Phils foray into Sabermetrics stats is not elementary

It doesn’t take an Einstein to figure out that the Phillies have been flat out terrible, is it because they have ignored Sabermetrics, or is this just an expensive distraction for the millennials 

When the Phillies hired new GM Matt Klentak, the talk was all about how the Phillies would now embrace the wave of sabermetrics stats that you can look at until your all so sick of numbers that you’ll wonder why you’ve been looking at them in the first place.

There was an article in the media that the Phils would now have a secret weapon called PHIL that was the repository of all info regarding a player’s ability to play this game of baseball (custom made for the Phillies baseball team). As told by Matt Klentak, Basically it’s a place to house all of our information and synthesize it and try to manage it and pool it and bring all together.” 


Oh happy days, wow, you have a collection of numbers that tell you how great or poor a player is and then everything is magically ok. That’s what I get from that kind of talk. It’s amazing how much people actually buy into this nonsense. It must be the latest generation that really have thrown all of their allegiance to this sort of crap. And, it’s not cheap, all this talk about numbers actually costs a lot of money.
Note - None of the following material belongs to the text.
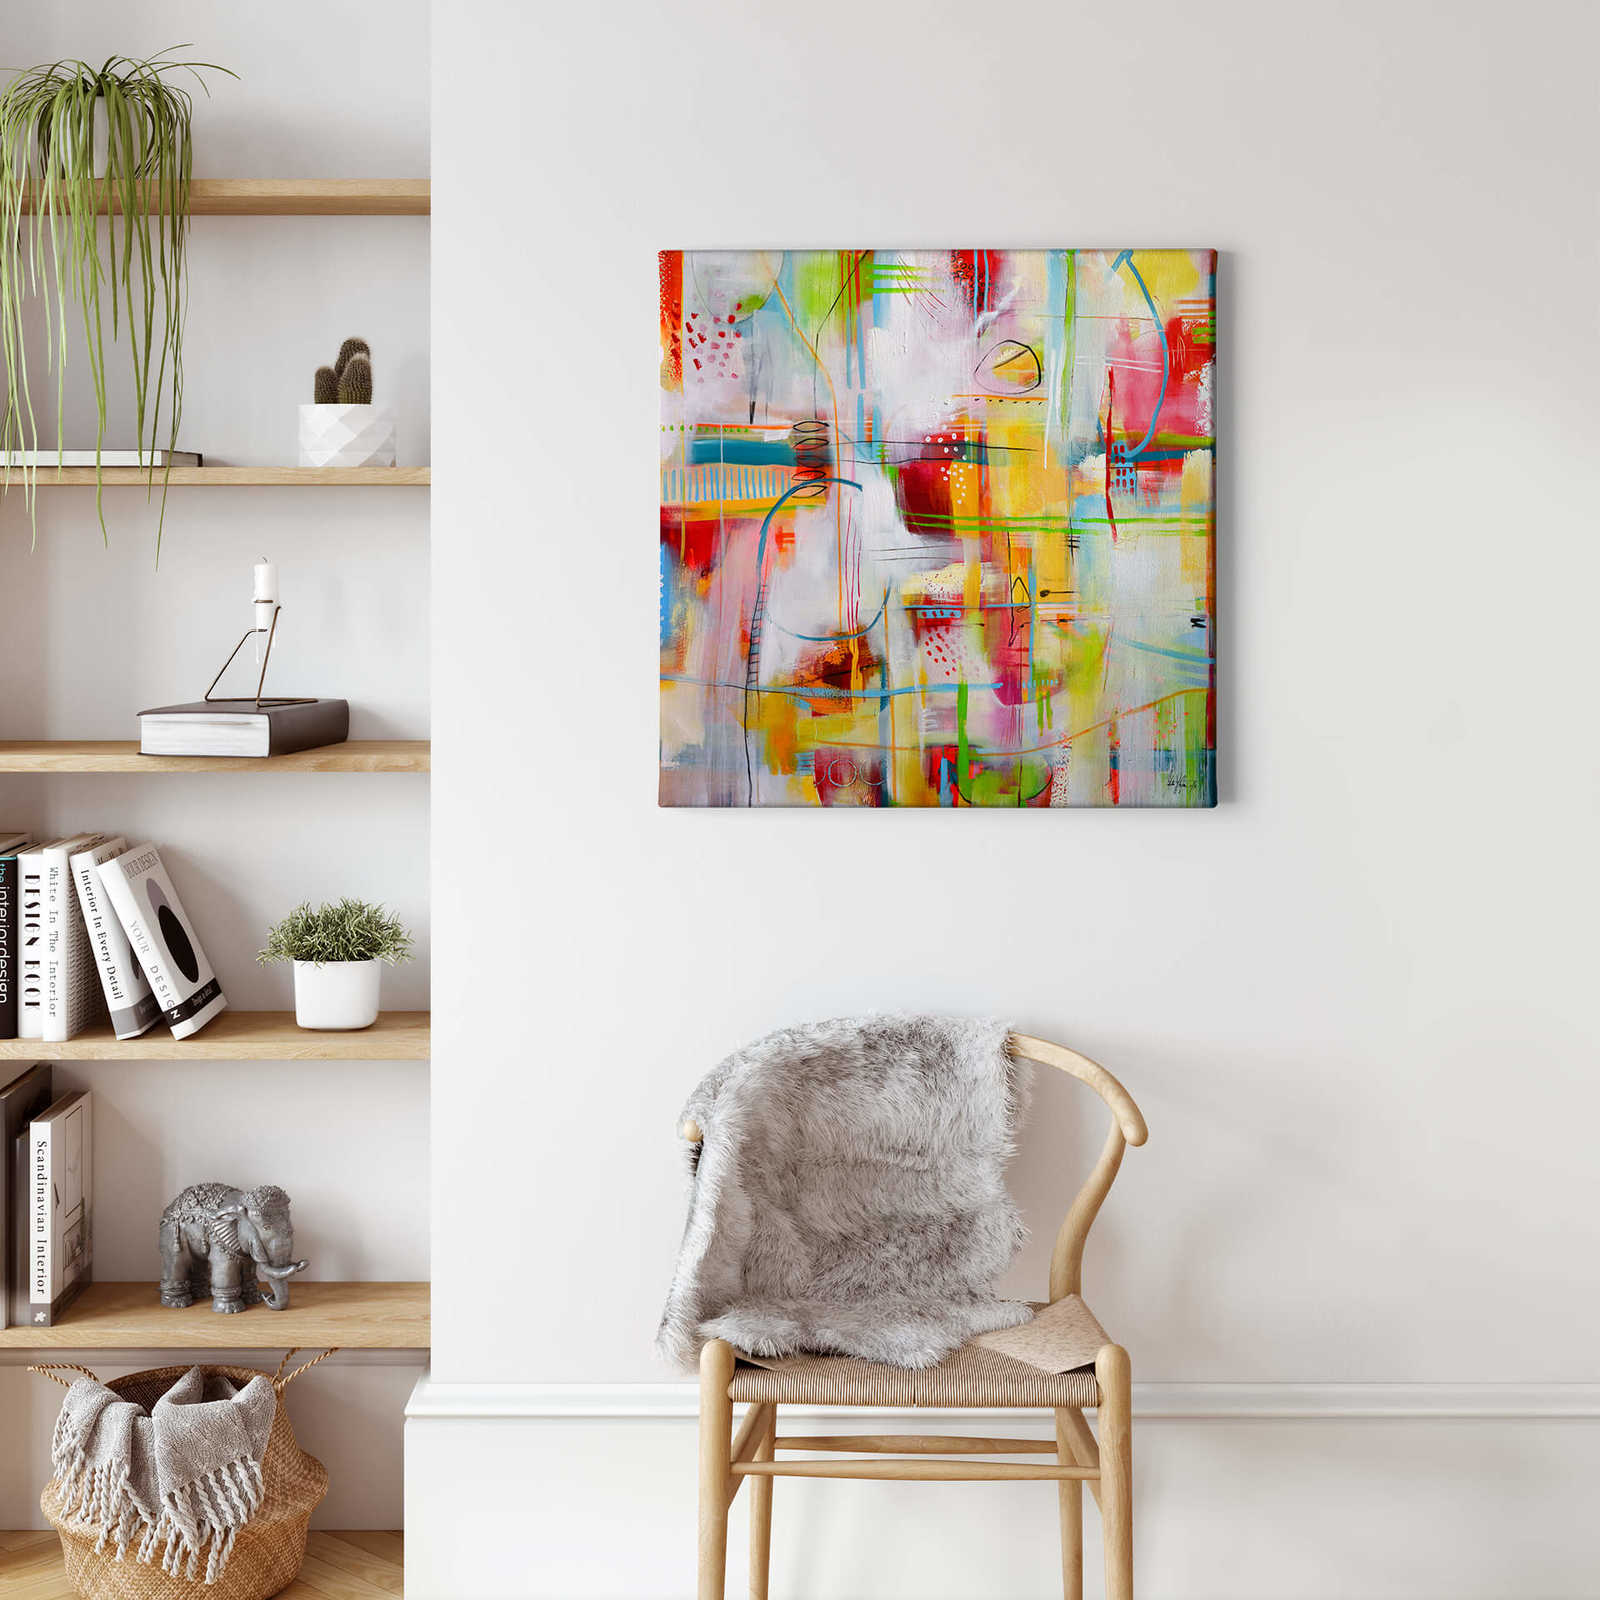             Canvas print abstract art by Fedrau – Colourful

Maybe Klentak and his new number crunching guru, Andy Galdi, who was previously employed by Google, (that’s supposed to be impressing by the way) and that kind of resume don’t come cheap. In this article from the The Morning Call, it is explained why the team picked up Peter Bourgos. Something about his great numbers on Fangraphs, any armchair stats guy could have told you that.

Maybe these new gurus can explain why the team hasn’t sold out Opening Day at the stadium yet. In numbers form of course. Can they come up with a new way to sell more hot dogs or beers using these magical sabermetric numbers? Maybe they’ll raise the price of parking again to pay for all of this grand numbers extravaganza.